◆ EXERCISE PROMPT: Print, please, exactly the lines from the one with "LEGO Trolls Concerto" through the final line of the data below, with both ends included and the pictures left out.

◆ RECORDED INFORMATION:
━━━━━━━━━━

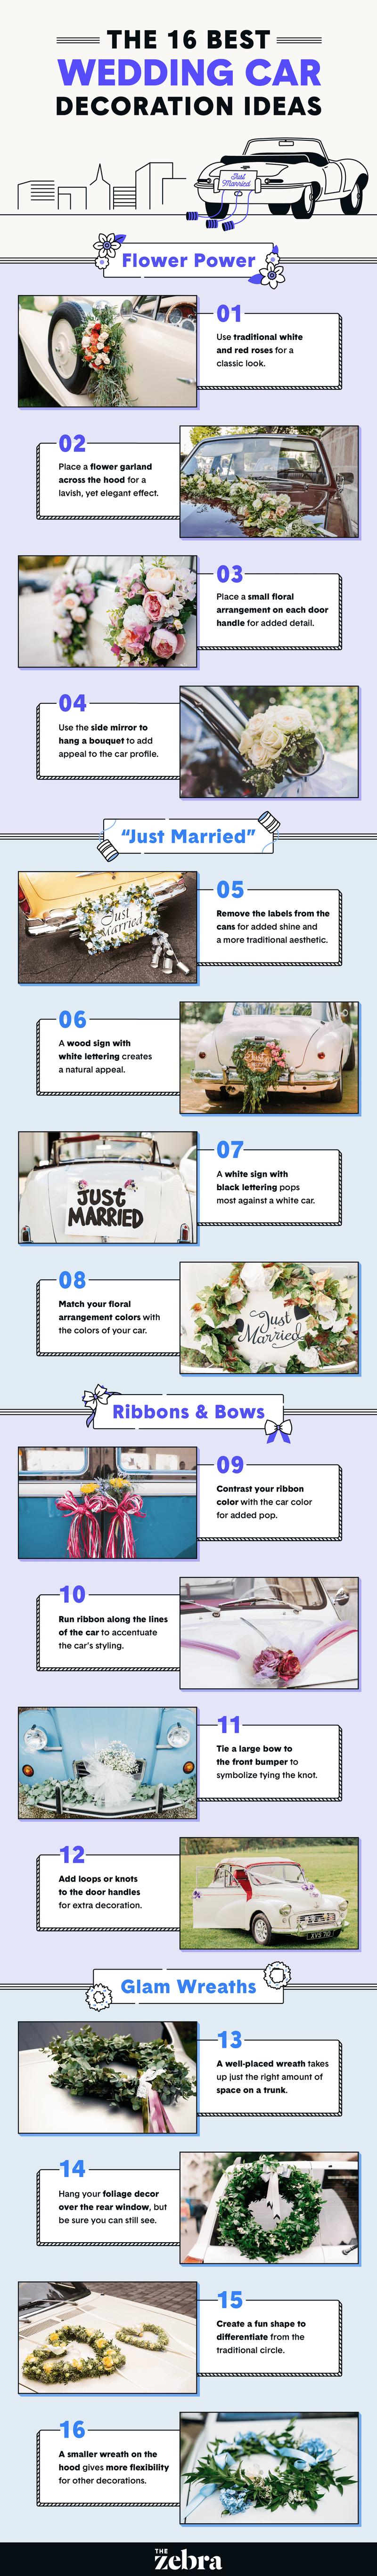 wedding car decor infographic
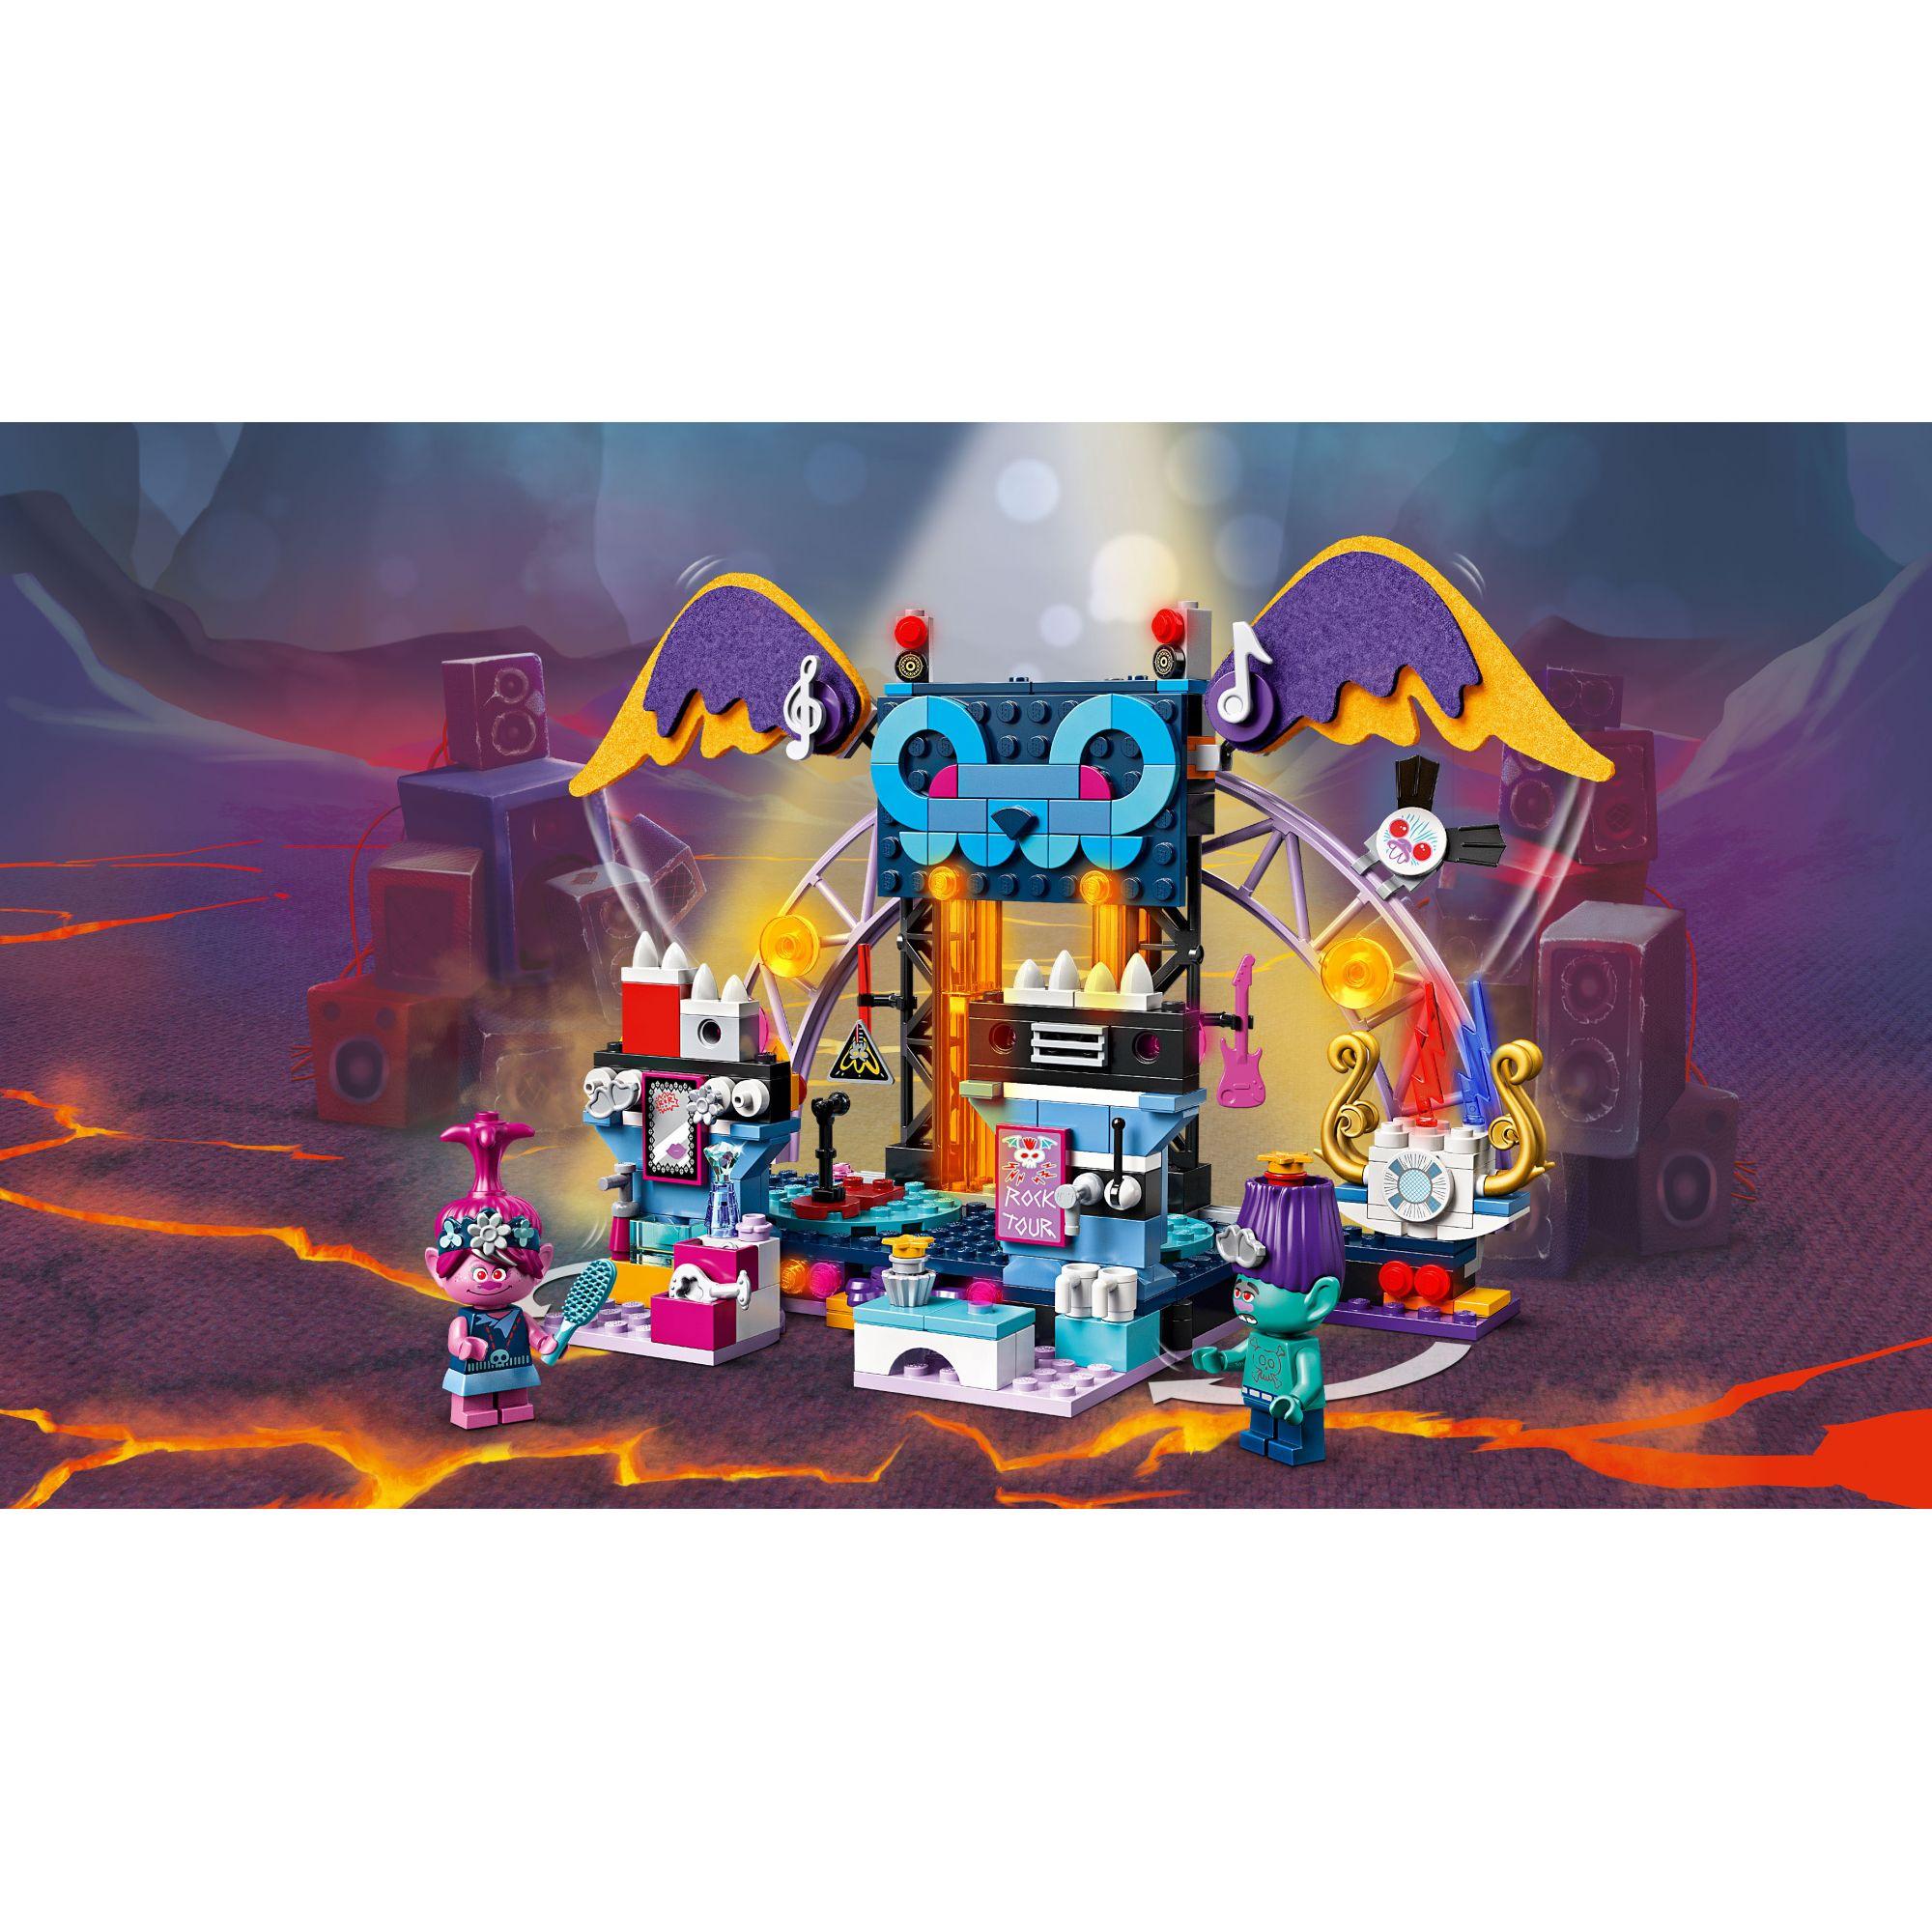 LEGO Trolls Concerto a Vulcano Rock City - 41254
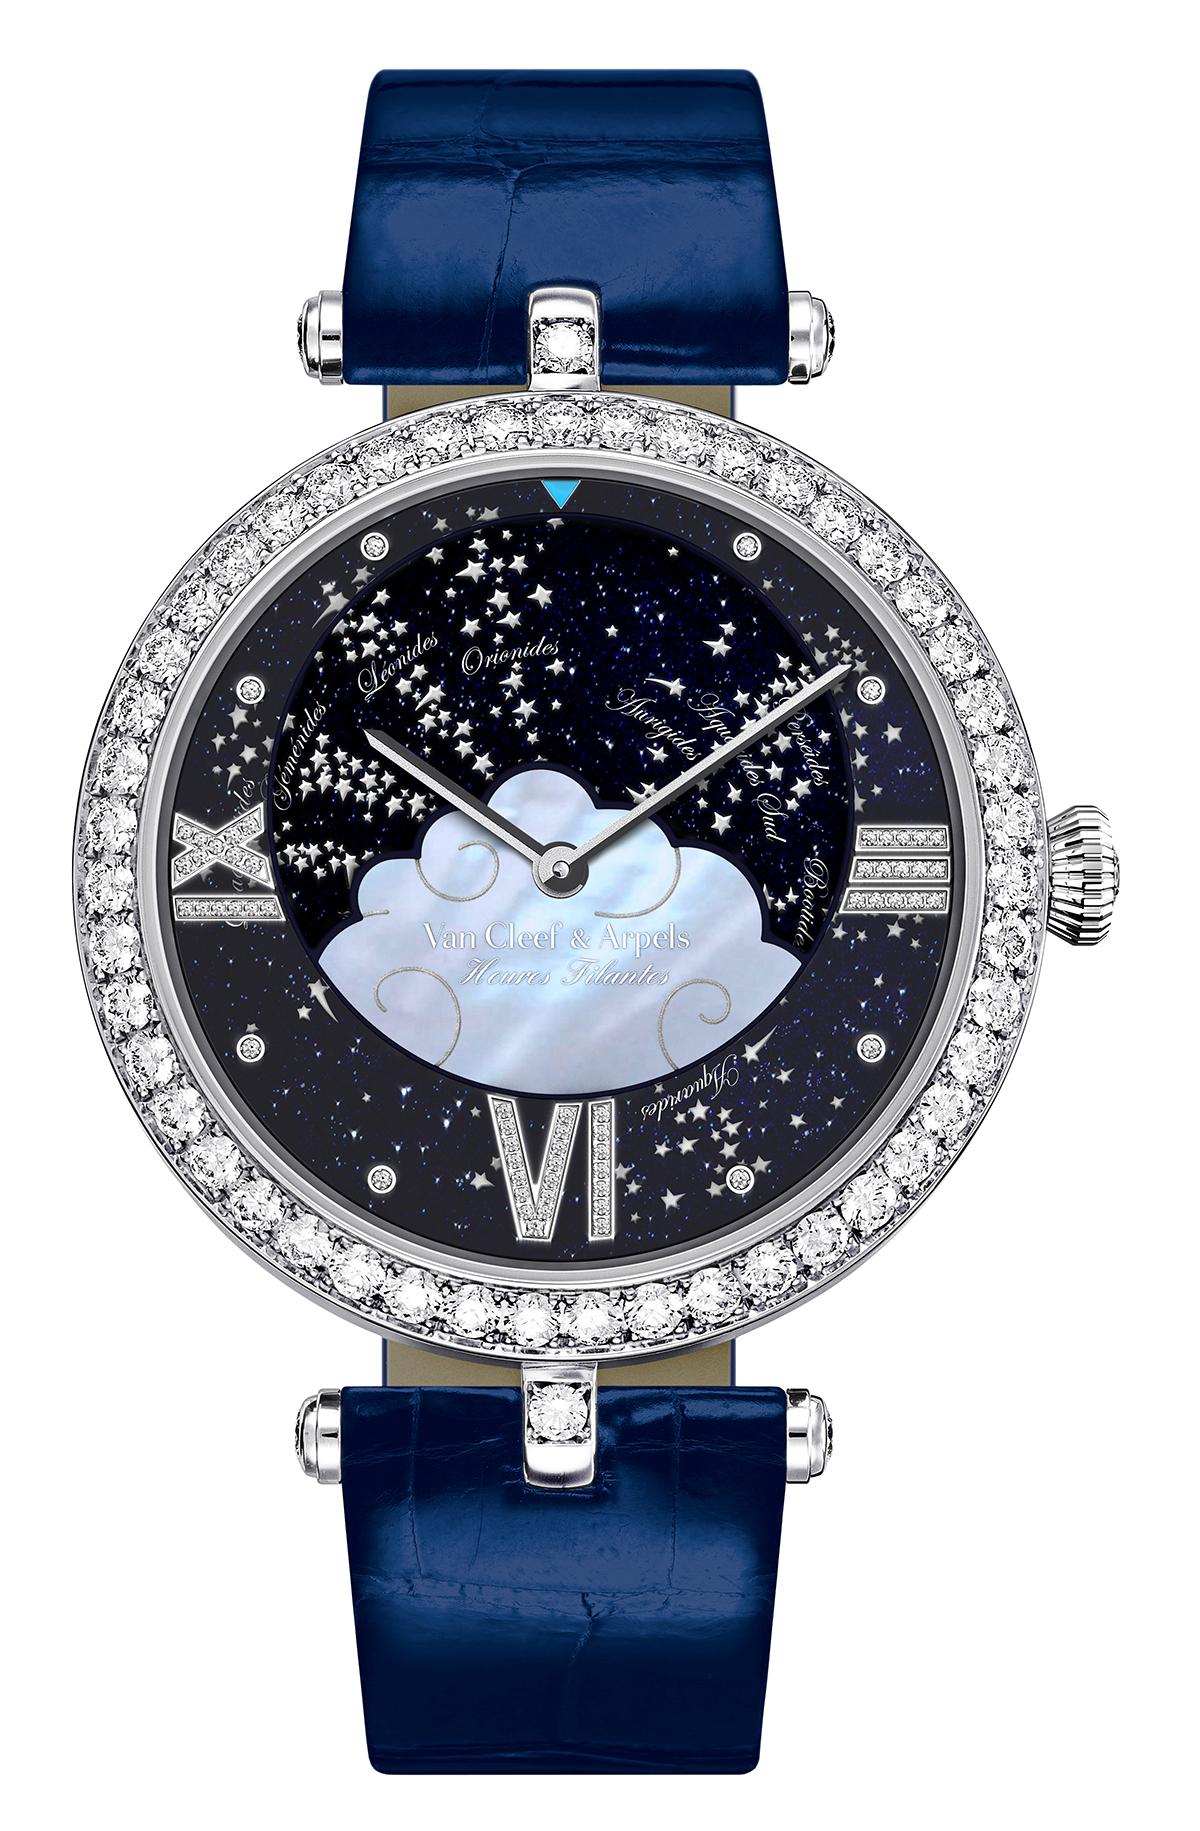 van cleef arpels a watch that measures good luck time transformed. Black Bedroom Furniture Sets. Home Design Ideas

━━━━━━━━━━

◆ ANSWER FOR THE TASK:
 LEGO Trolls Concerto a Vulcano Rock City - 41254
 van cleef arpels a watch that measures good luck time transformed. Black Bedroom Furniture Sets. Home Design Ideas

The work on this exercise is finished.